ASSIGNED TASK => Exactly as they appear, retype the lines from the one containing "Ator Caca Carvalho, que" through the final line of the data below. Leave pictures out.

INFORMATION SHOWN =>
((
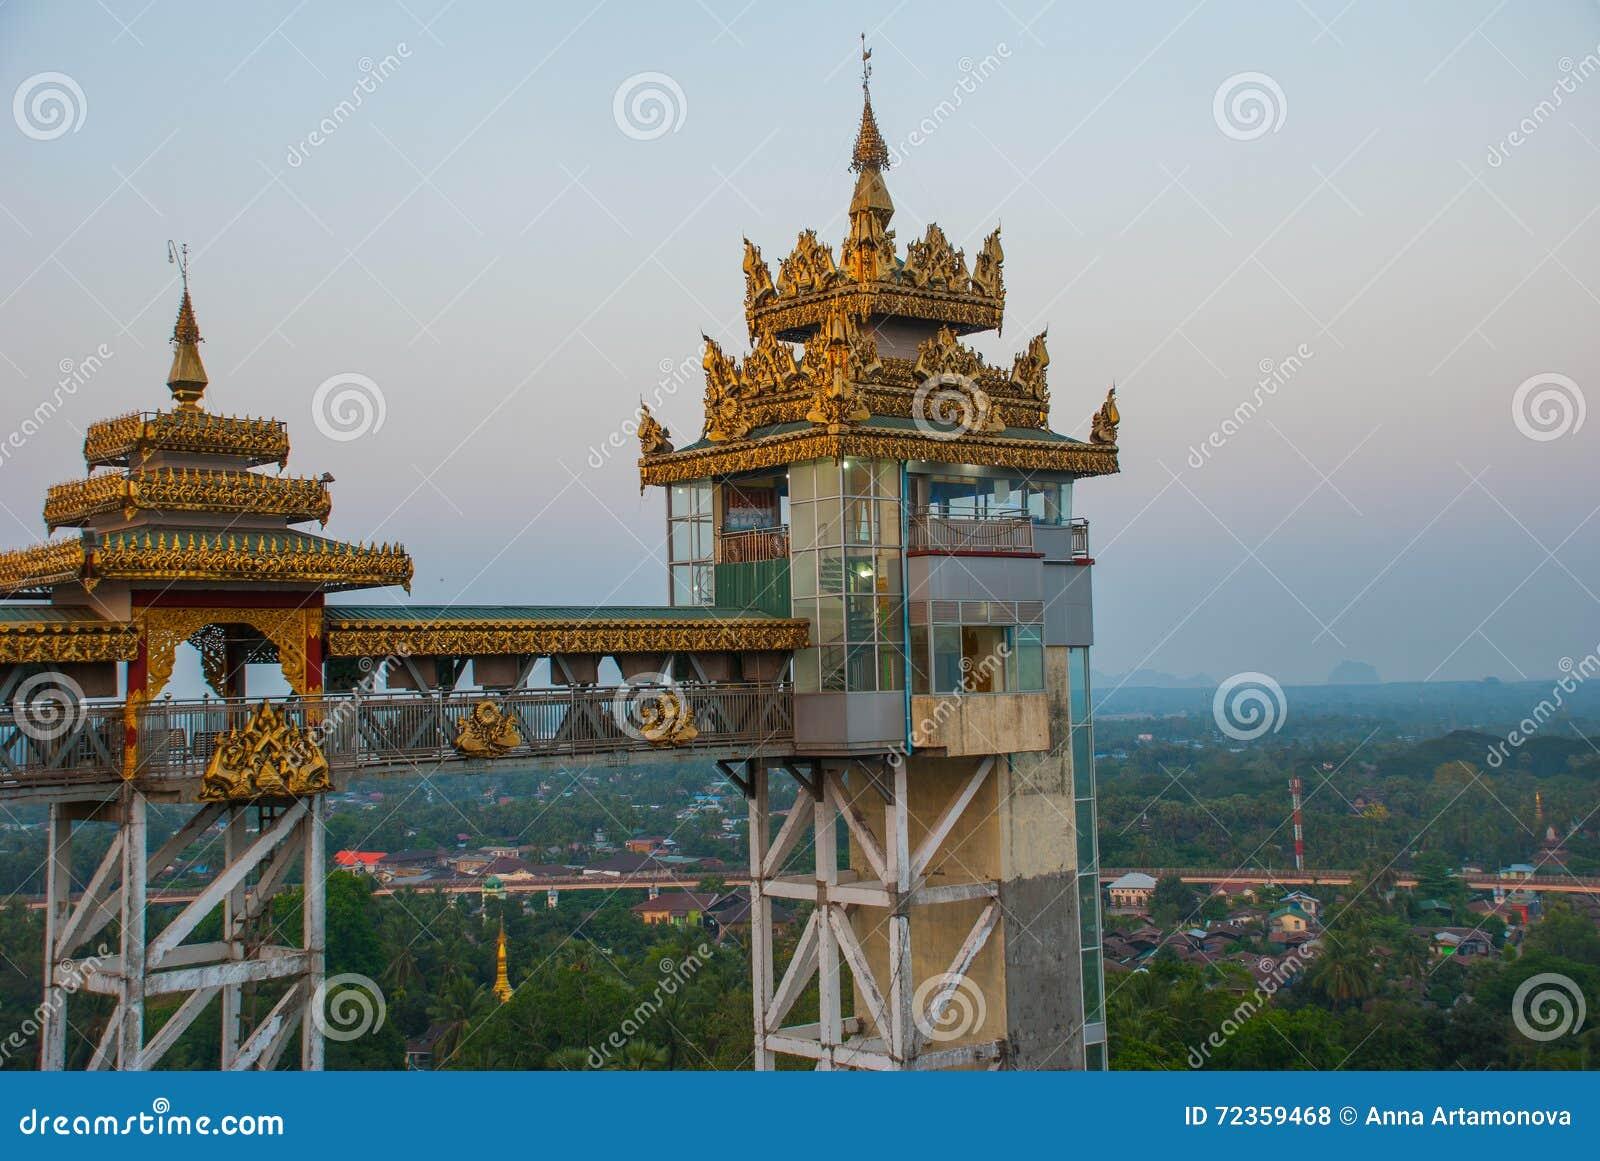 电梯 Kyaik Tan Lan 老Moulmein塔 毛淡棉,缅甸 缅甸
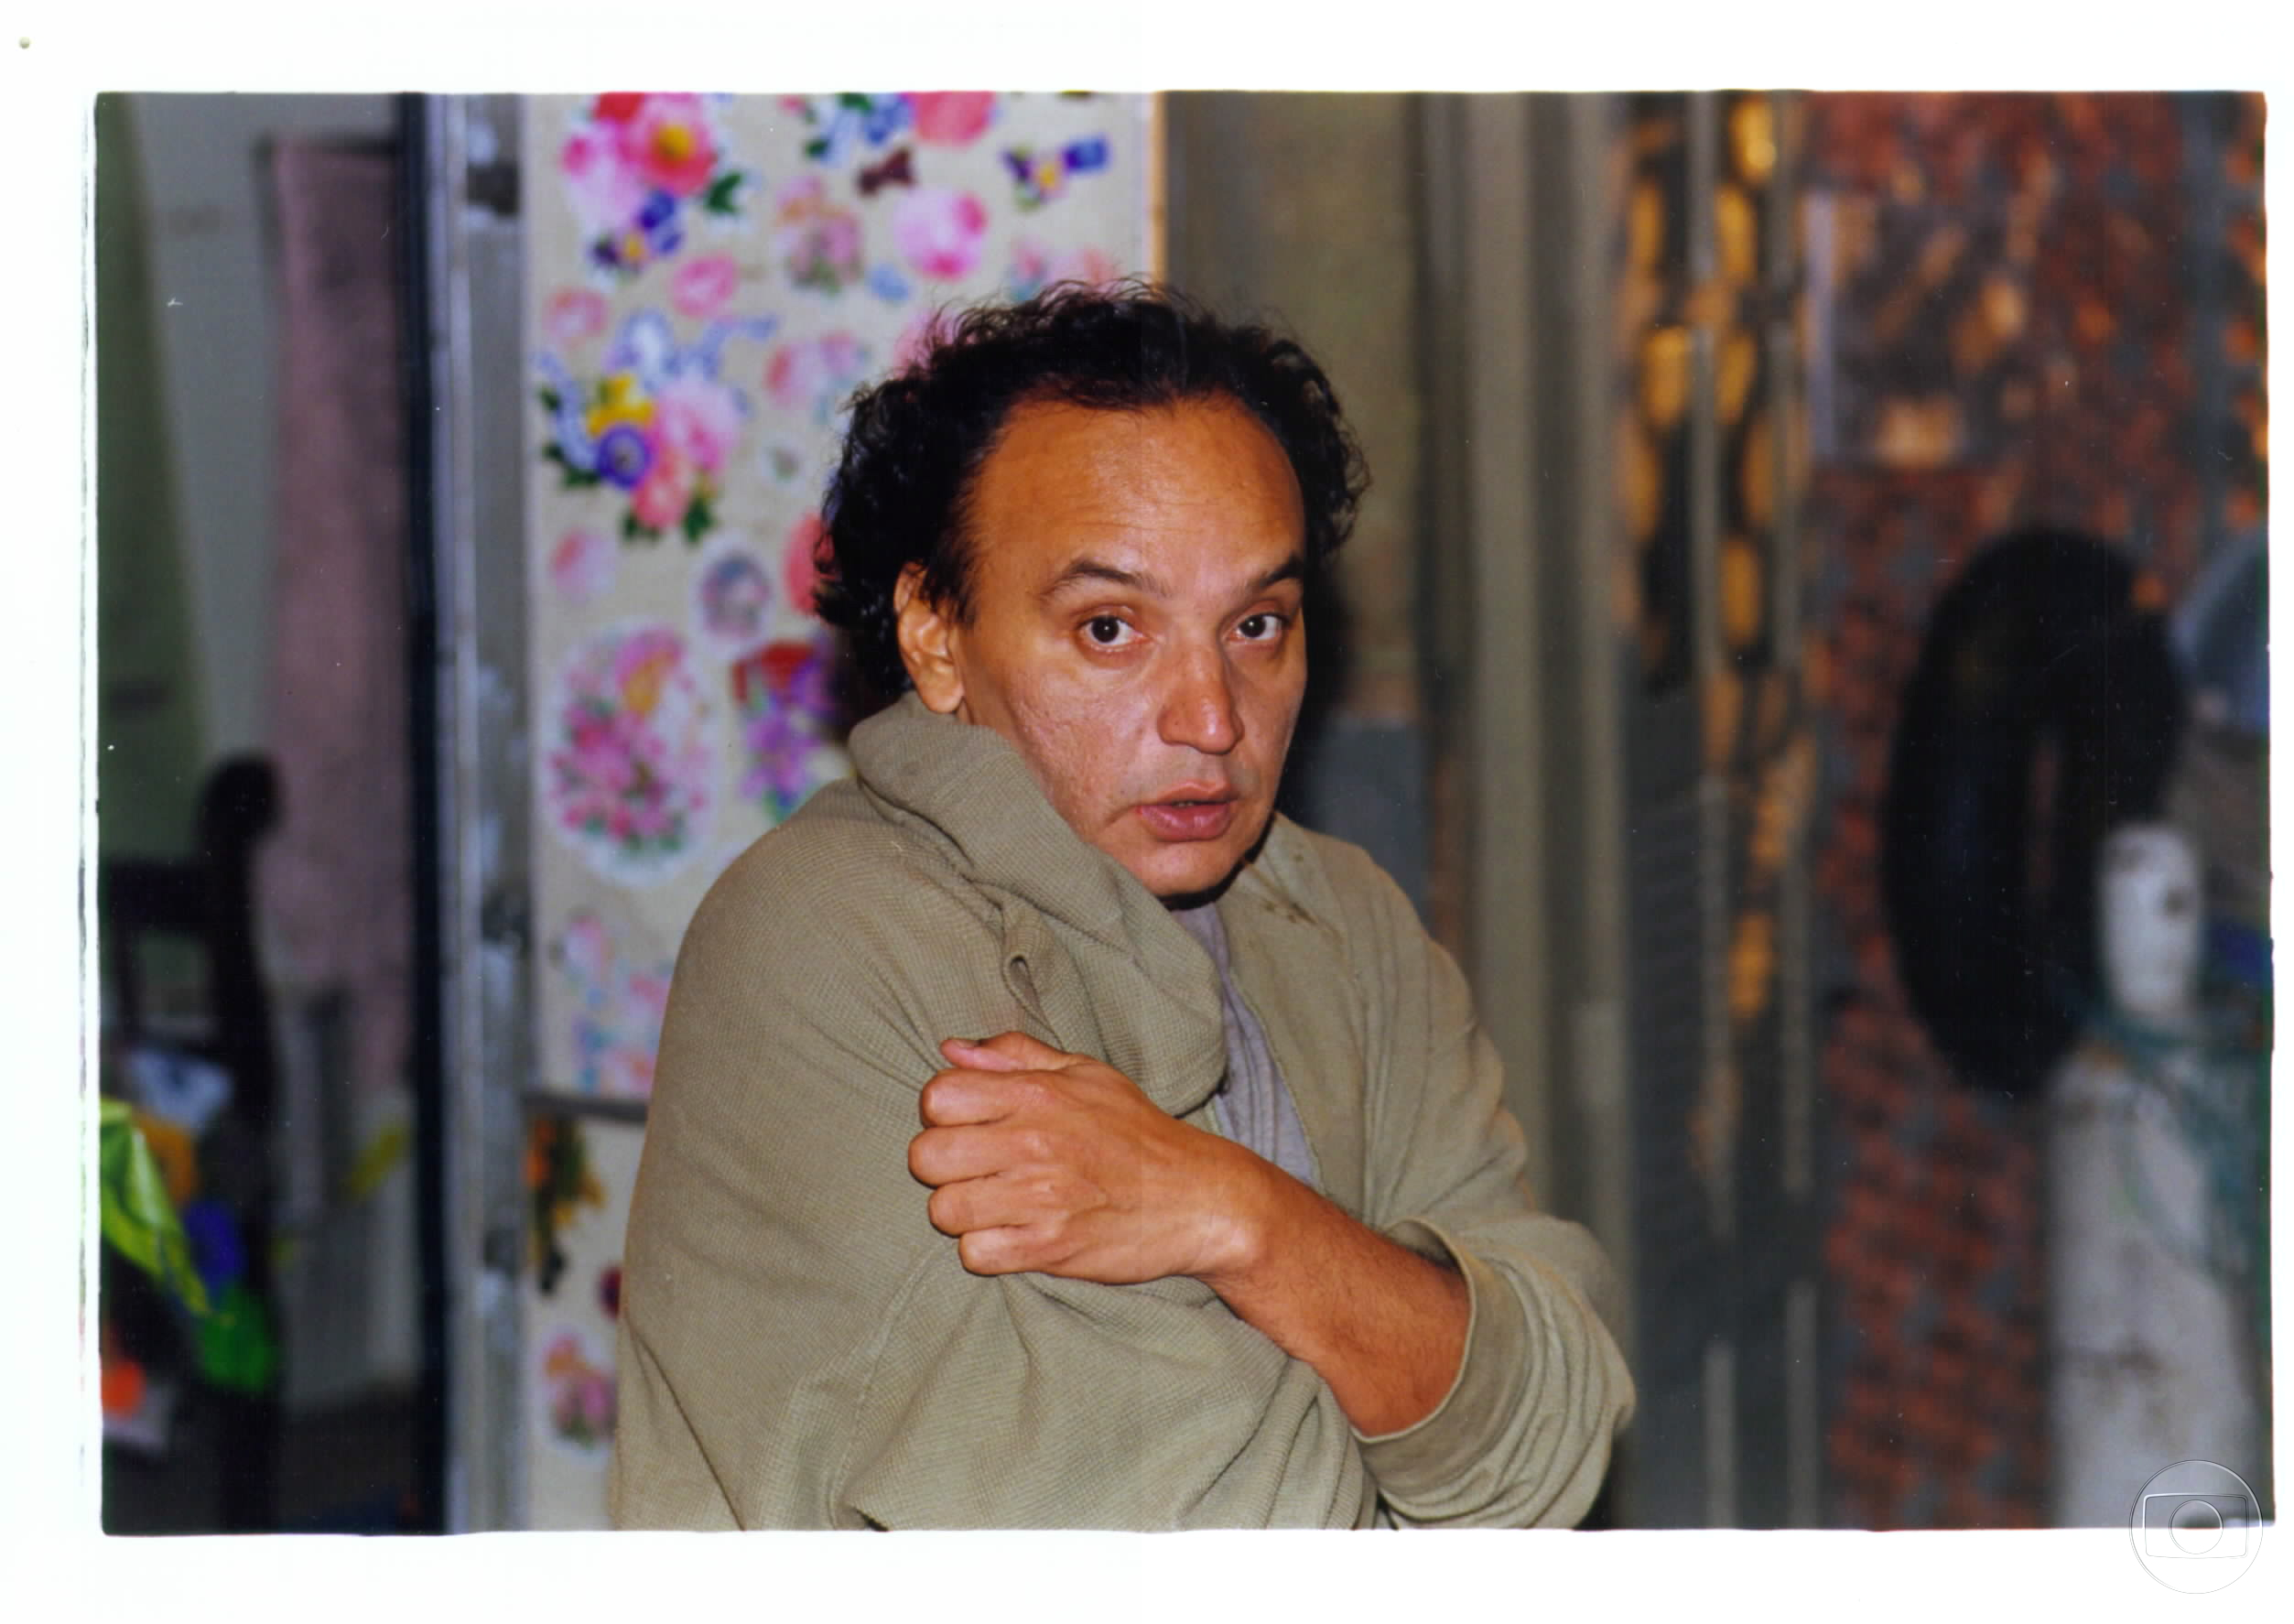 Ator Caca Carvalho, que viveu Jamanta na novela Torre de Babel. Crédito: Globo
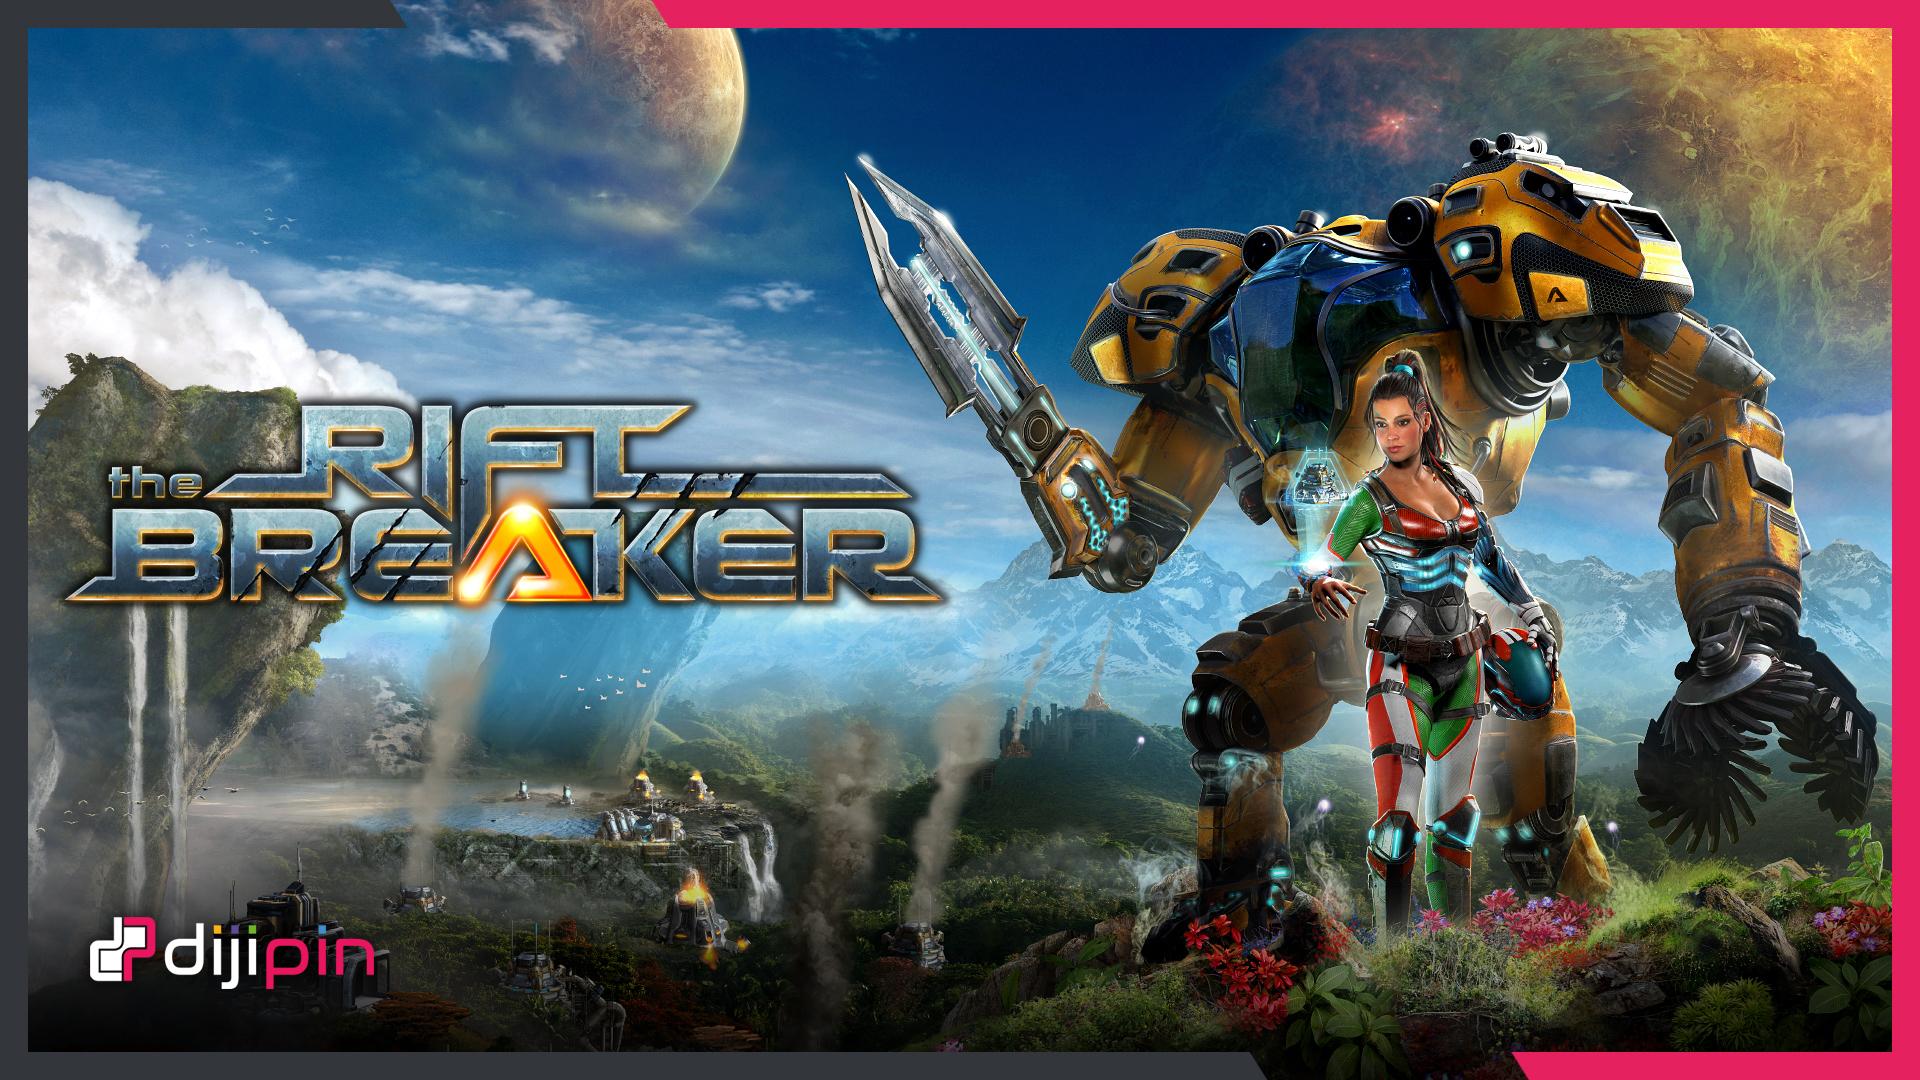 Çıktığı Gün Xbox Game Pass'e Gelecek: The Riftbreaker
))
WRITTEN ANSWER =>
 Ator Caca Carvalho, que viveu Jamanta na novela Torre de Babel. Crédito: Globo
 Çıktığı Gün Xbox Game Pass'e Gelecek: The Riftbreaker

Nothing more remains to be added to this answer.